If you go to an investor with a new idea and nothing else, they are not going to back your business. You need to be able to prove to them that the idea actually has some potential and you know how to promote the product in the right way. Ideally, you should start the business and try to make a few sales first. That way, you can go to the investor with proof that people are interested in the product and ask for investment so you can continue to grow the business. Investors will only part with their cash if they are confident that they will see their investment again, so you need some proof of concept. If you can’t get the business up and running without their investment, you need to conduct thorough market research and product testing so you can, at the very least, prove that your product is effective and there is a gap in the market for it. 

Only Talking To Banks 

Your bank may be willing to offer you a business loan but before you accept it, it’s important that you look at your other options because you may be able to get a better deal elsewhere. Consider other lenders, like Cardiff, who specialize in business loans. These lenders can often give you a better interest rate than the banks will and the process will be much faster than going through a bank. You should also consider private investors because they will be able to offer their expertise and advice as well as their money.

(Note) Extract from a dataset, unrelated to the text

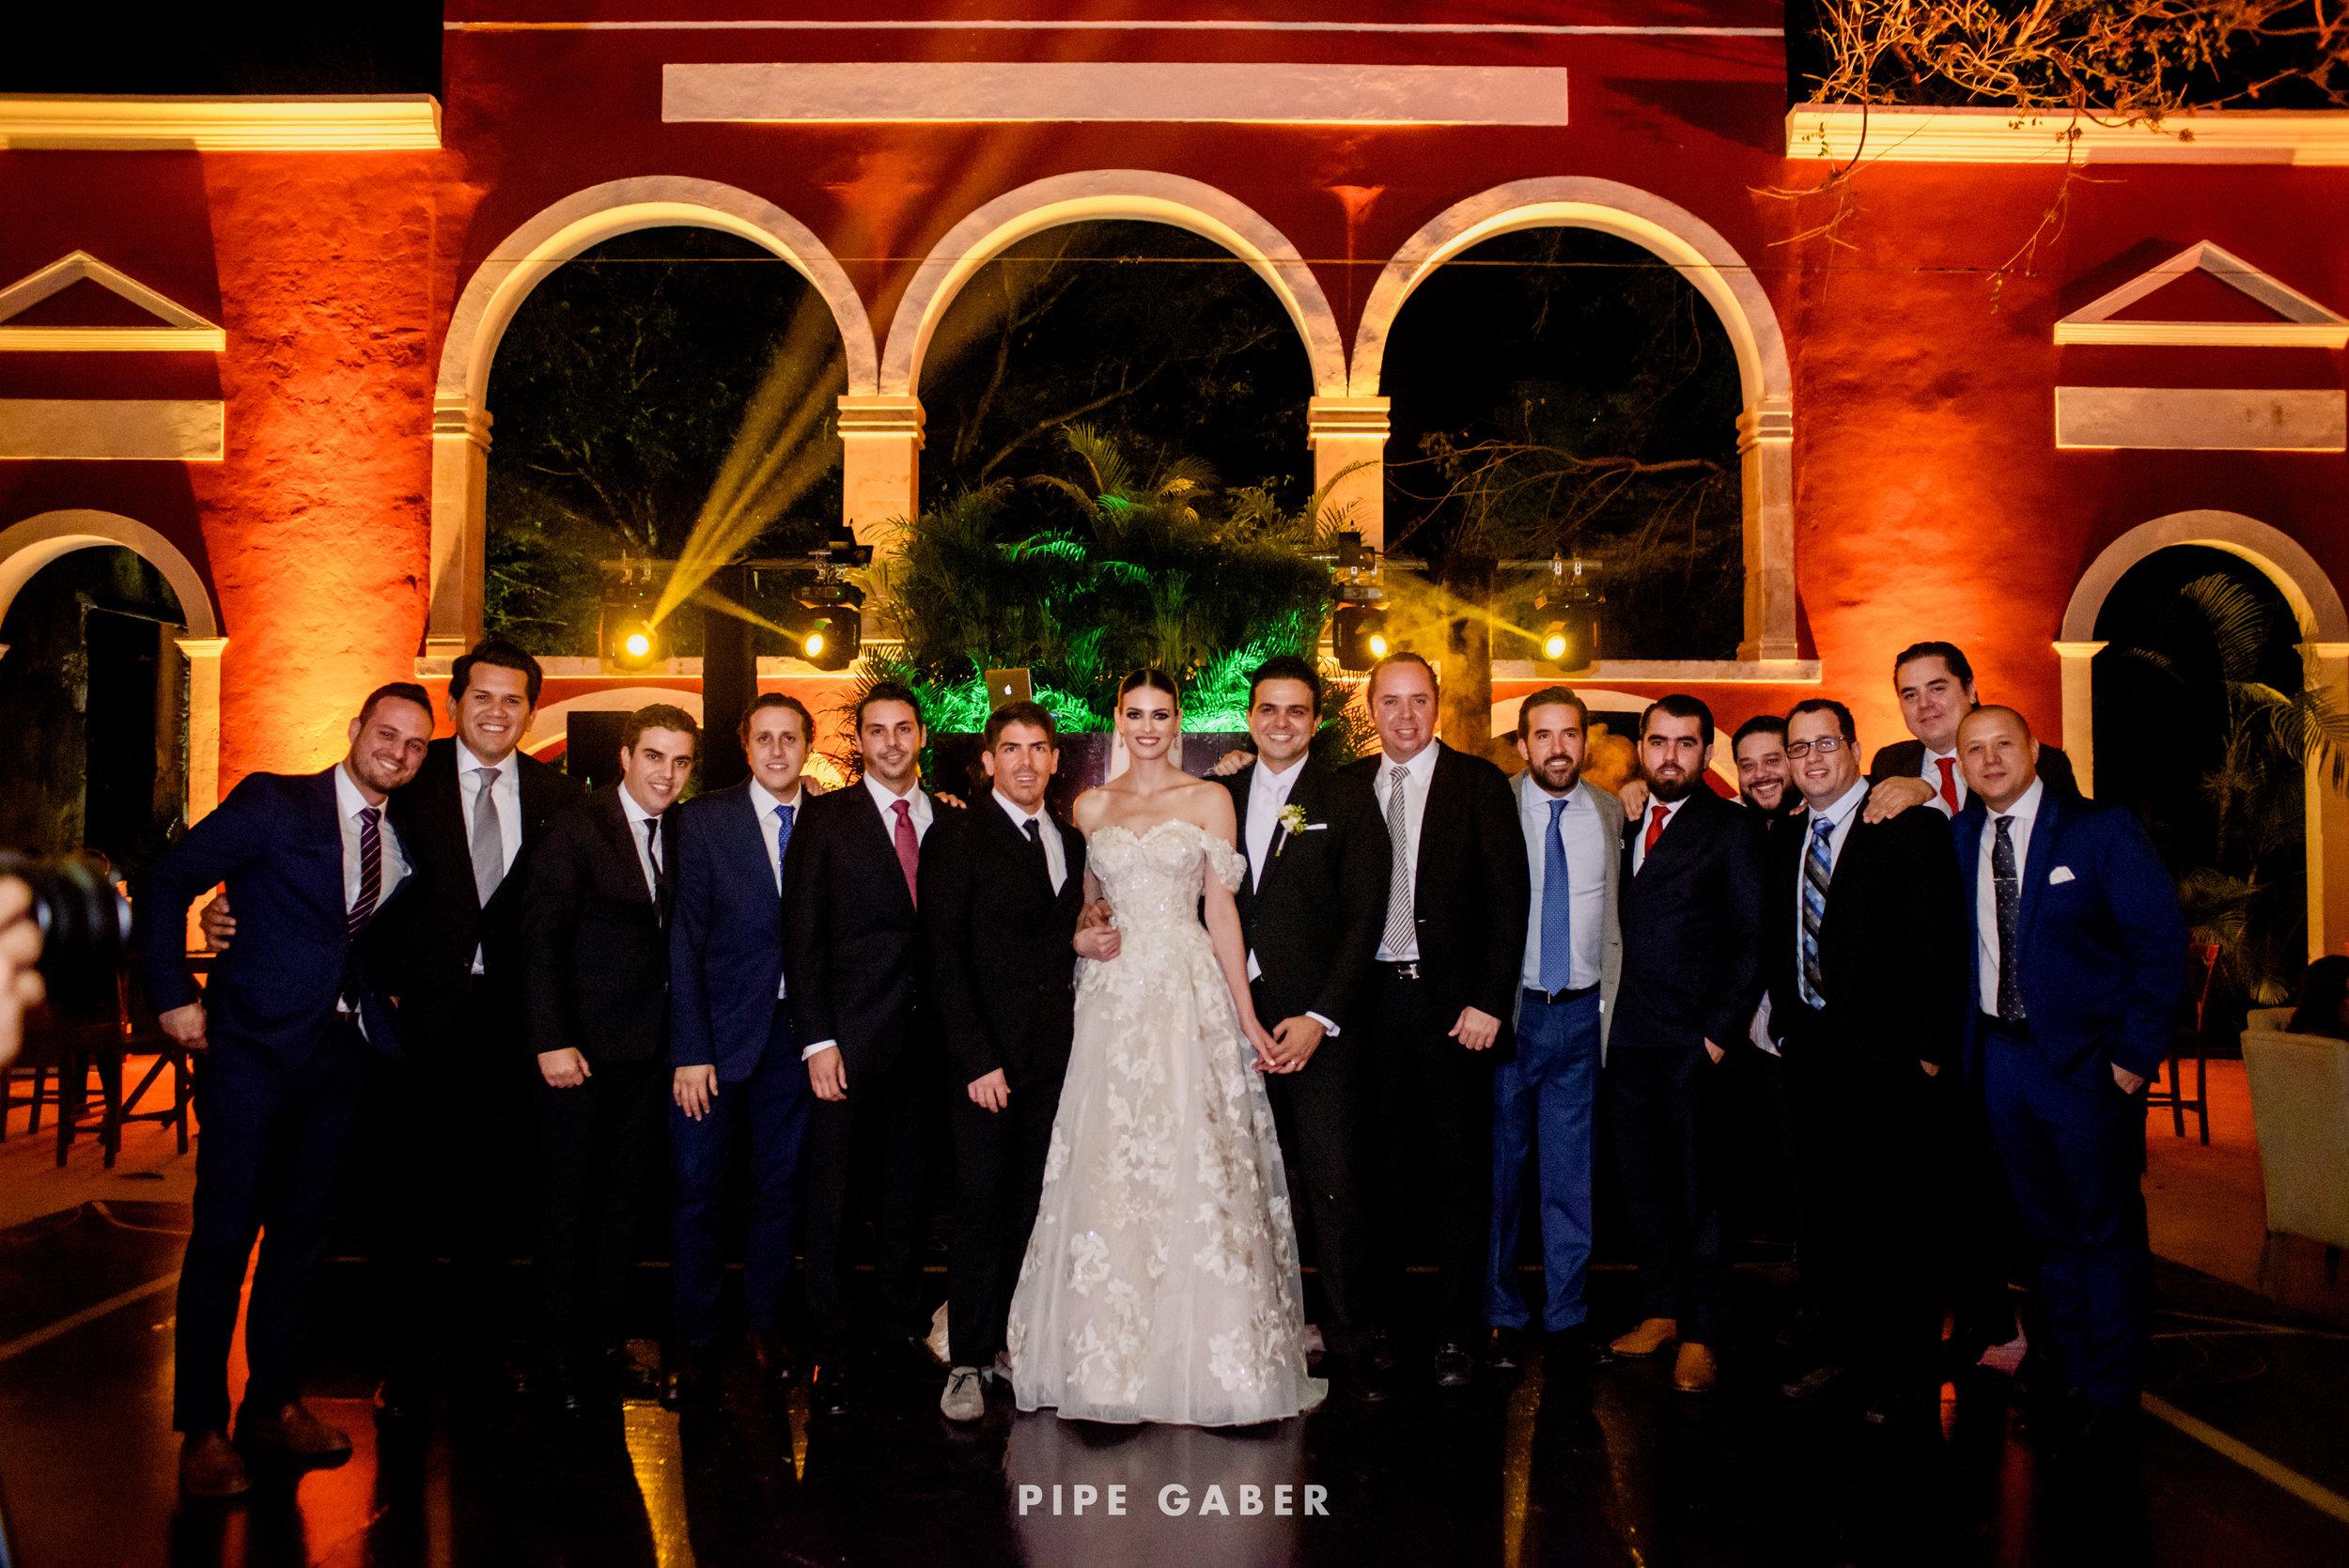 18_02_03_WEDDING_ALEXIS_ABIMERHI_ERICK_APT_2256.jpg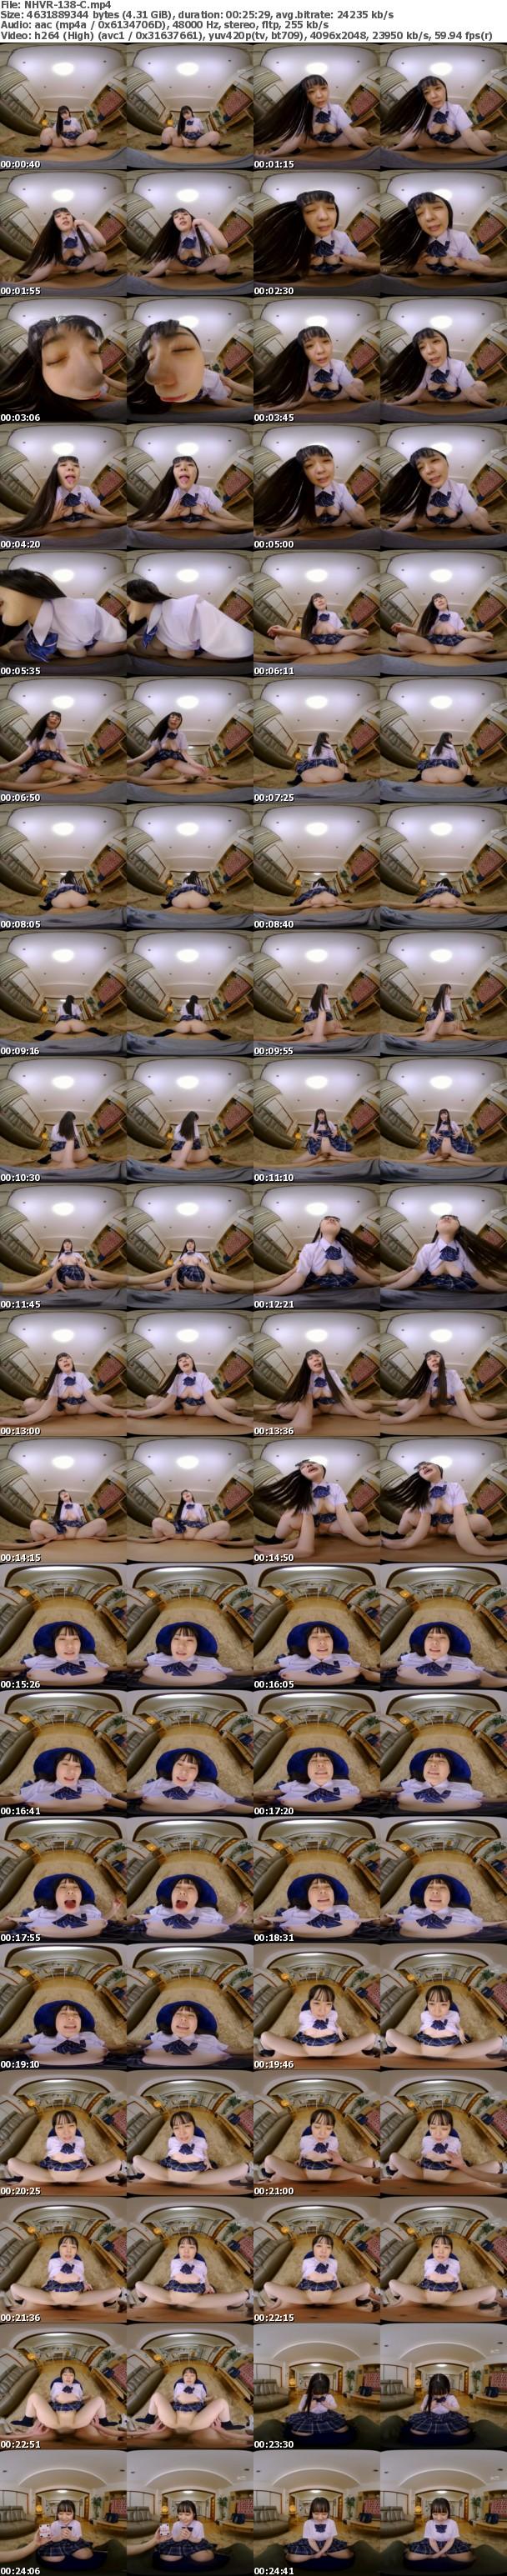 (VR) NHVR-138 「私の唾液も愛液もいっぱい飲んで!!」僕に女汁を飲ませてくるどスケベ女子○生

Before you agree to take any loan, you need to weigh all of the different options and decide which is right for your business. 

Not Putting Your Own Money In

If you approach an investor, they will always ask how much of your own money you have put into the business. If you haven’t put anything in, that’s not a good sign because it makes them wonder how serious you really are. If you are so sure that this business is going to be a success, why haven’t you put any of your own money into it? If you don’t have the money to back your own business, you should put your plans on hold for a while and start saving. Follow these money saving rules and you should be able to build up the money that you need in a short period of time. If you can put a bit of money in to get things started and make a few initial sales, you will find it so much easier to get an investor interested in your business. 

Failing To Use Credit 

Failing To Use Credit 

Sensible money management is so important when you are running a business, but that doesn’t mean that you shouldn’t use credit. A lot of new businesses worry about getting into lots of debt or damaging their credit score, so they don’t want to use credit. However, having a line of credit there as a backup can be so helpful in the early days of a business. Things will be slow to start and there may be some months where you struggle to cover all of your overheads. If you are forced to borrow in a rush, the interest rates will be very bad and you will pay out more money in the long run. But if you have a line of credit with a favorable interest rate already agreed, you can dip into that money when you need it and then pay it off when things are going well for the business.  As long as you are sensible and only use credit when you really need it, you can avoid any serious debts. 

Underestimating Costs 

When you apply for a loan, you need to provide a breakdown of your costs. But so many business owners underestimate their costs because they forget about small details. You may have covered the cost of manufacturing and shipping, but what about office furniture or supplies? These smaller details often get overlooked and businesses don’t borrow enough, so they soon run into cash flow issues. When you are estimating your costs, make sure that you are thorough and you include every tiny detail. 

If you make any of these common funding mistakes, you may find yourself in a very tough financial position.